Ketua DPRD H. Supian HK mengatakan, pihaknya sangat serius menangani masalah ini, salah satunya dengan menyusun peraturan daerah (raperda) terkait dengan
“Sebelumnya kami telah menggelar audiensi di kantor pusat BKKBN dalam rangka percepatan penyusunan Perda tentang stunting,” kata Supian HK.
Senada dengan itu, Kepala Perwakilan BI Kalsel Wahyu Pratomo mengatakan, dari sisi ekonomi makro, ada upaya untuk mengurangi pengerdilan tidak lepas dari upaya pemberdayaan dan peningkatan kemampuan ekonomi masyarakat.

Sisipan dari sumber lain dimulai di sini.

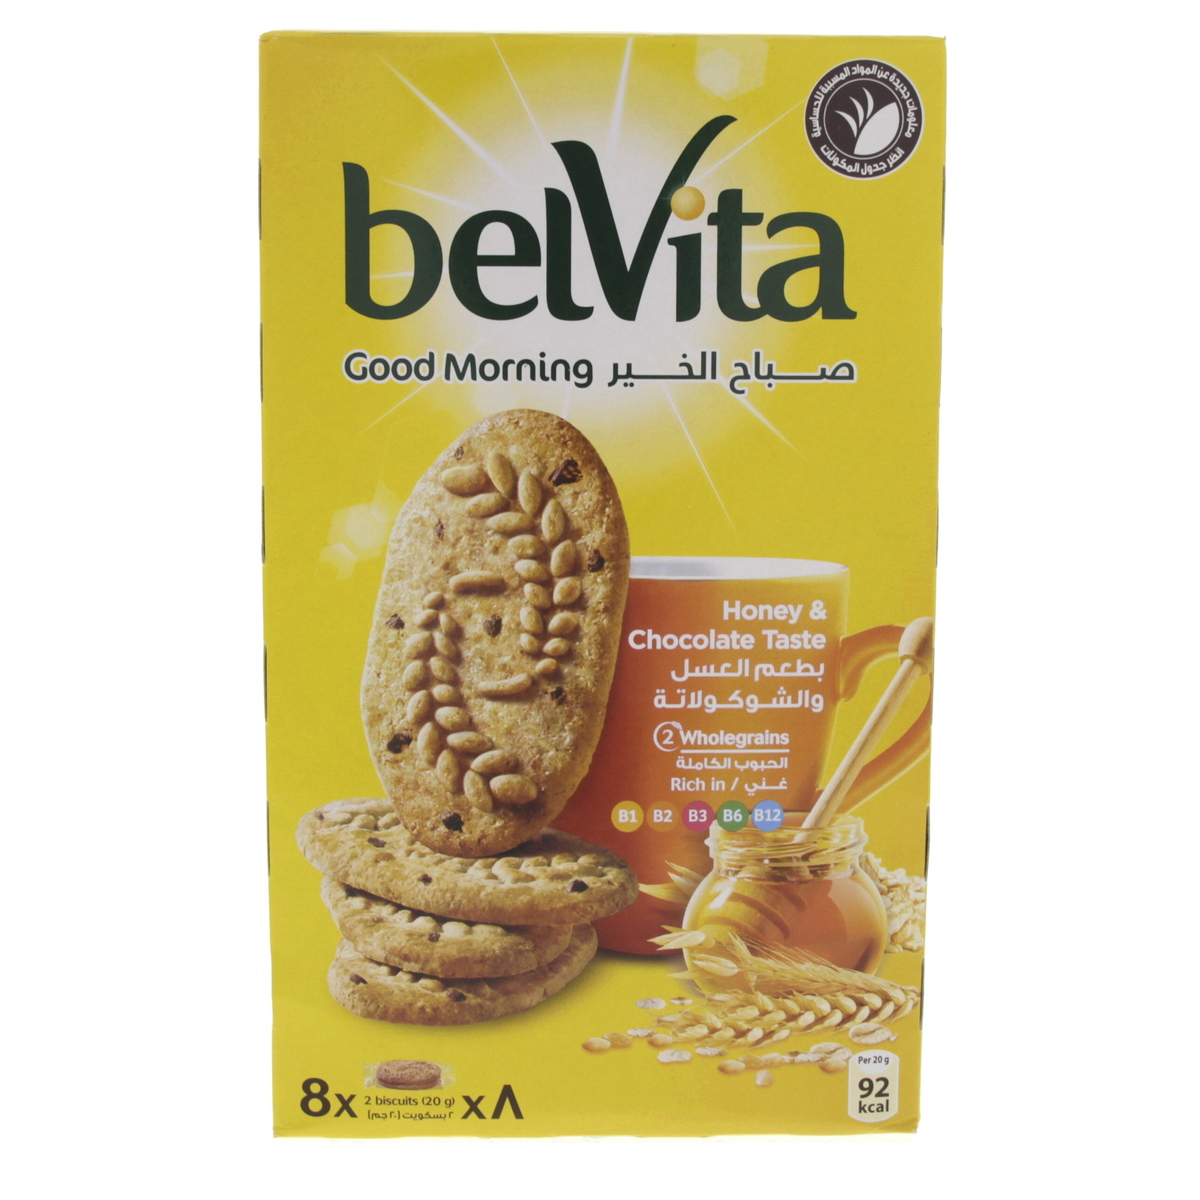 Belvita Good Morning Honey and Chocolate Taste Biscuits 160g

“Hal ini sejalan dengan peran BI di daerah yaitu mendukung pembangunan ekonomi daerah yang inklusif dan berkelanjutan. Oleh karena itu, BI berkomitmen mendukung penuh upaya pengentasan pengerdilan di Kalimantan Selatan,” ujarnya.
Lebih lanjut, pihaknya menyatakan mendukung penanganan pengerdilan tercakup dalam lima aspek. Kelima aspek tersebut adalah pengendalian inflasi, pemberdayaan UMKM, ekonomi digital, pengelolaan uang rupiah, dan Program Sosial Bank Indonesia (PSBI).
Semua aspek tersebut, kata Wahyu, bertujuan untuk memperkuat ketahanan dan mempercepat pemulihan ekonomi yang pada akhirnya diharapkan berkontribusi pada penurunan angka pengerdilan.
“Khusus untuk aspek terakhir, dalam lingkup kepedulian sosial, BI akan memprioritaskan distribusinya ke lima wilayah dengan tingkat prevalensi pengerdilan yang tertinggi di Kalsel yaitu Barito Kuala, Kotabaru, Hulu Tengah Kali, Balangan, dan Utara Hulu Kali,” ujarnya.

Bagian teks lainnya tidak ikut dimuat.